İnanman için yapabileceğim bir şey yok.”

“Benim var ama. Şimdi adamlarıma onları durdurmalarını ve buraya getirmelerini söyleyeceğim,” deyip tekrar telefonu çıkarınca cebimdeki kağıdı ona uzattım. Bu yaptığım onu durdurdu.

“Ne bu?”

“Babamın kaldığı yerin adresi, bunu vermek için gelmiştim buraya. Artık amcamlarla da benimle de bir işin yok, bırak gitsinler," dedim, yüzünde alaylı bir ifade oluştu.

“Sen bana bir adres vereceksin, ben de seni bırakacağım öyle mi? Her şey bu kadar basit mi zannediyorsun?”

“Hayır, zannetmiyorum. Hatta beni de götüreceksin bu adrese, çok iyi biliyorum," dedim.

“Beni iyi tanımışsın," deyip şoföre baktı, o sırada uzattığım kağıdı almış ve adama uzatıyordu.

“Buraya gideceğiz," dedi.

“Hemen abi," dedi adam ve adam arabayı çalıştırdı. O sırada Cihangir telefonunu çıkararak birini aradı. Bir süre sonra da telefon açılmış olacak ki konuştu.

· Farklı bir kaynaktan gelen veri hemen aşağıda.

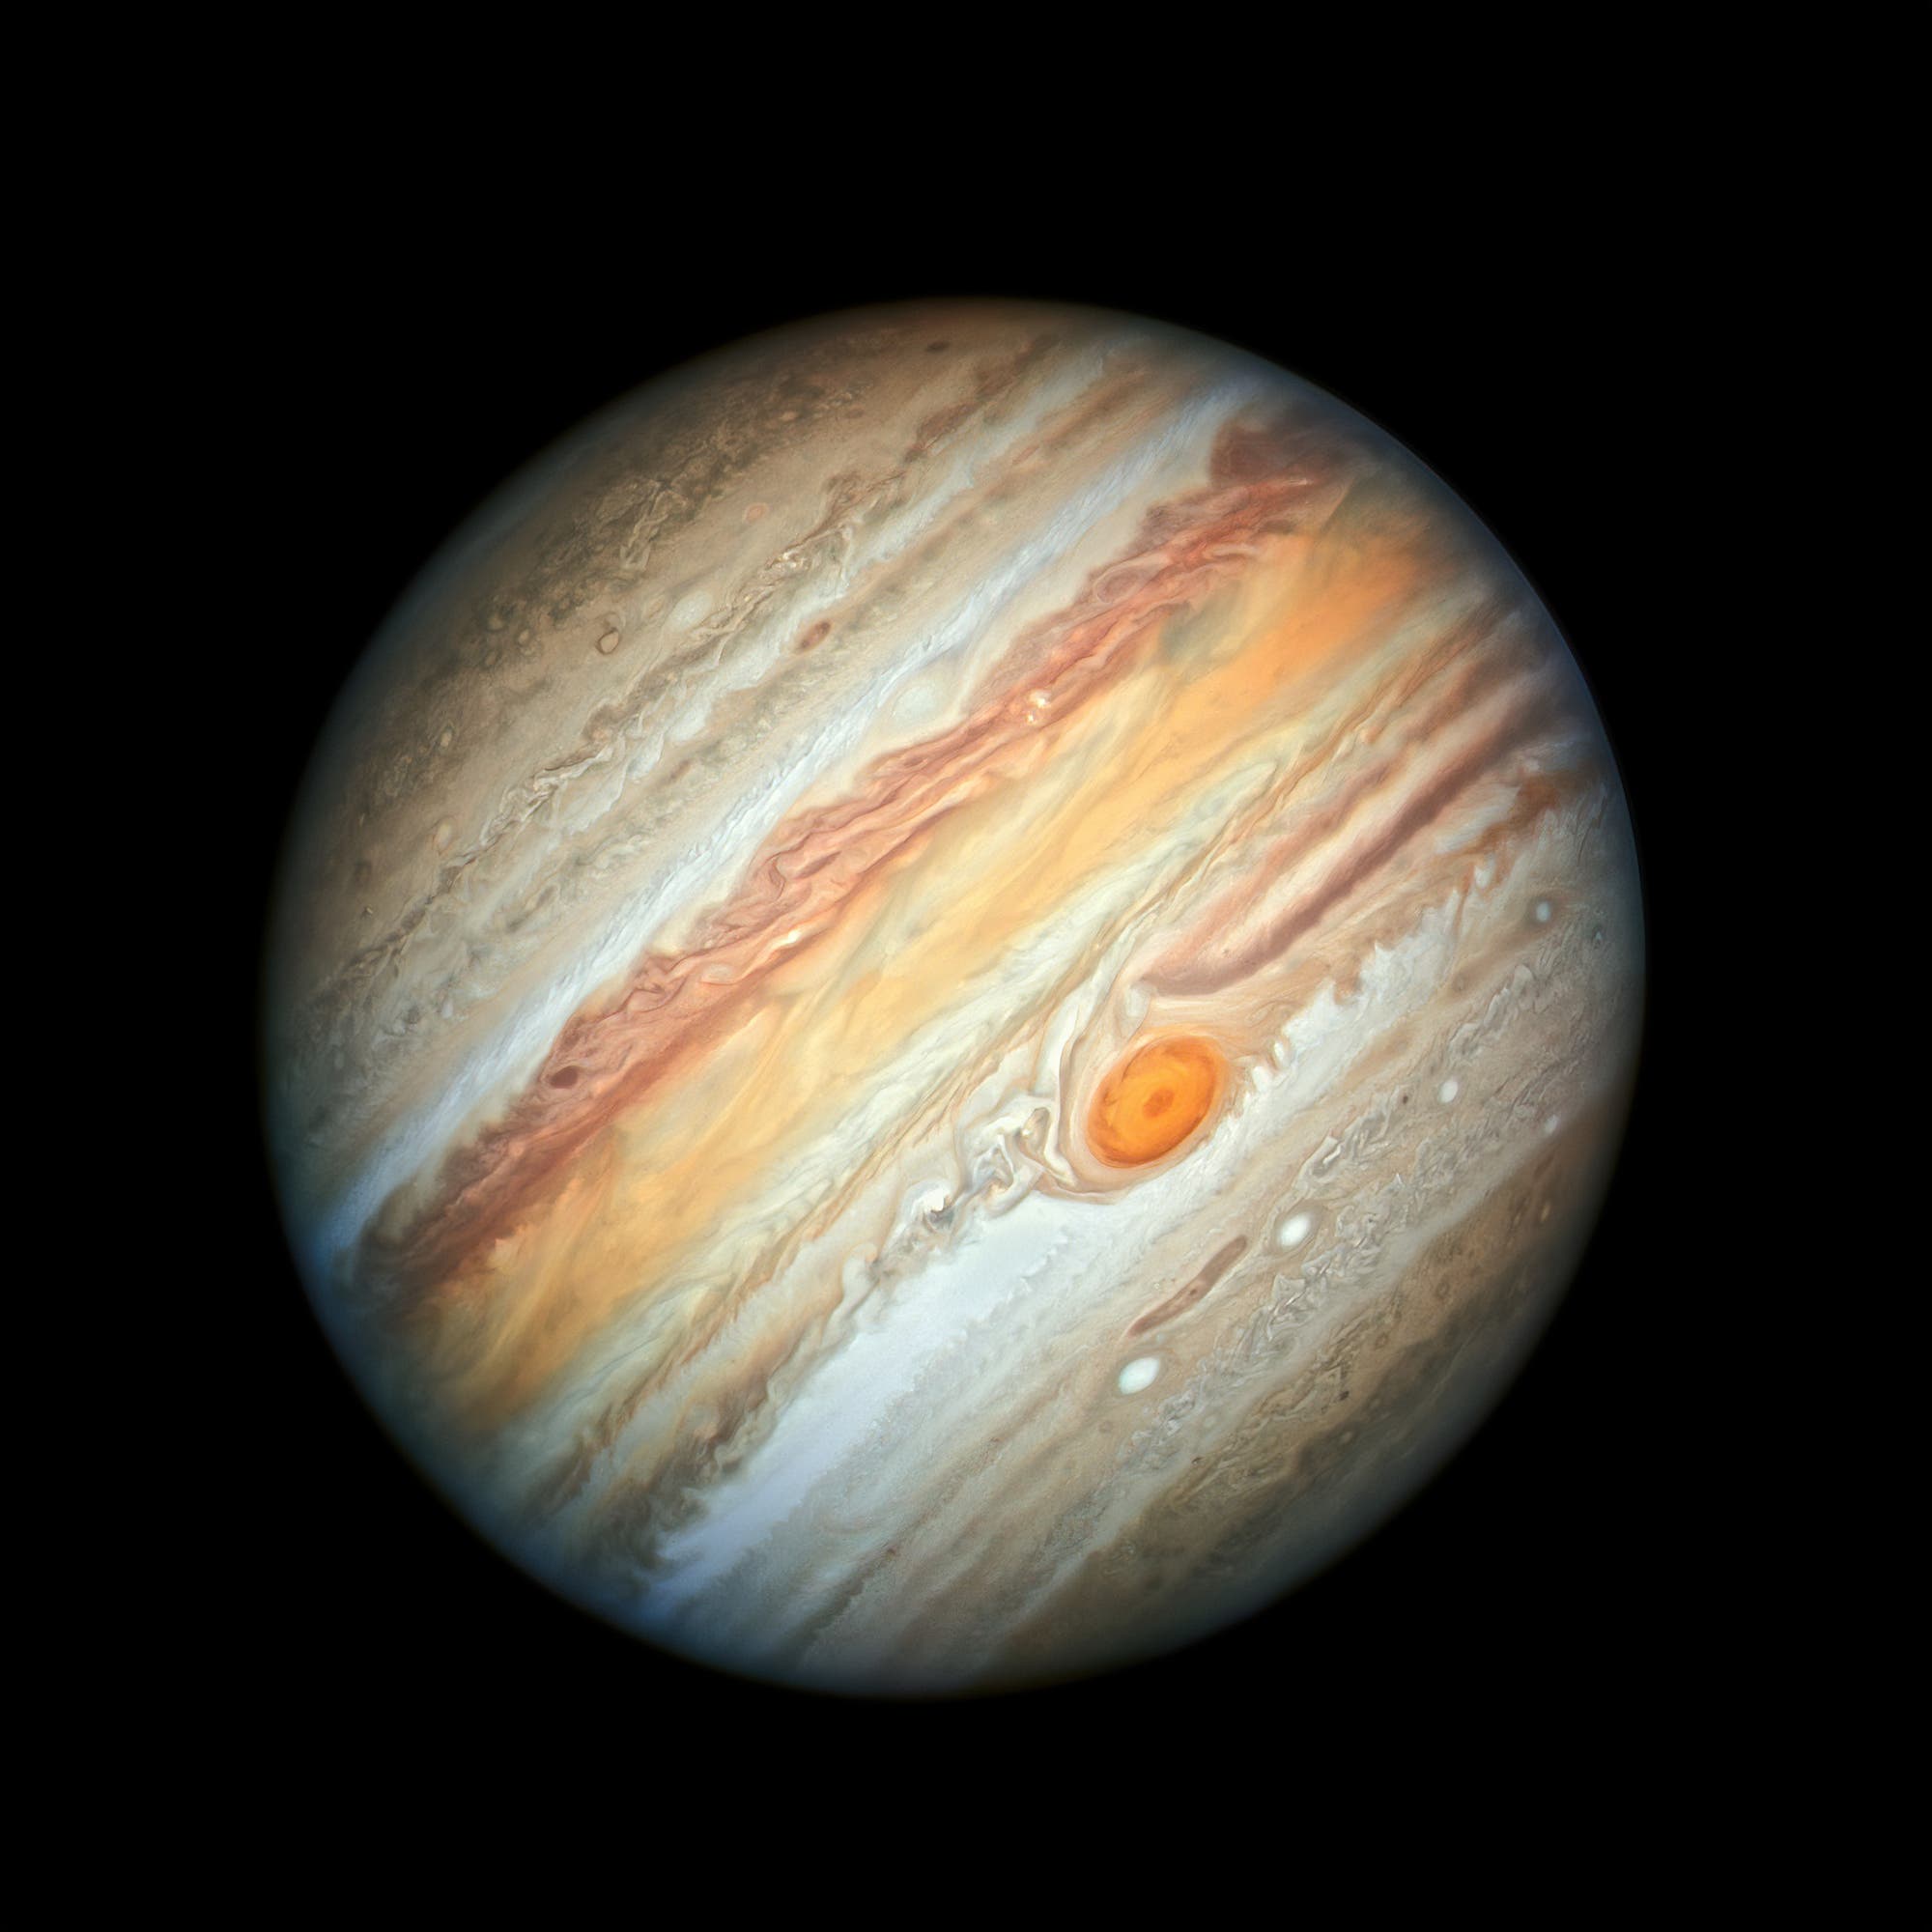 Dynamischer Jupiter – Aufnahme des Weltraumteleskops Hubble

“Bırakın gitsinler ama siz de peşlerinden gidin," dedi ve sanırım karşısındakinin cevap vermesini bile beklemeden telefonu kapattı. Biraz olsun rahatladım, çünkü o adamların amcamlarla aynı uçağa binemeyeceklerinden eminim. Bu yüzden izlerini kaybedeceklerdi, sanırım artık amcamlar güvendeydi.

Bu düşünceler arasında yol aldık, epey de bir zaman geçti. İçten içe korktuğum için bununla gizliden baş etmeye çalışırken “Burası mı?” diye sordu Cihangir, etrafa bakındım ve doğru geldiğimizden emin oldum.

“Evet.”

“Umarım gerçekten de buradadır," dedi uyarıcı bir ses tonuyla.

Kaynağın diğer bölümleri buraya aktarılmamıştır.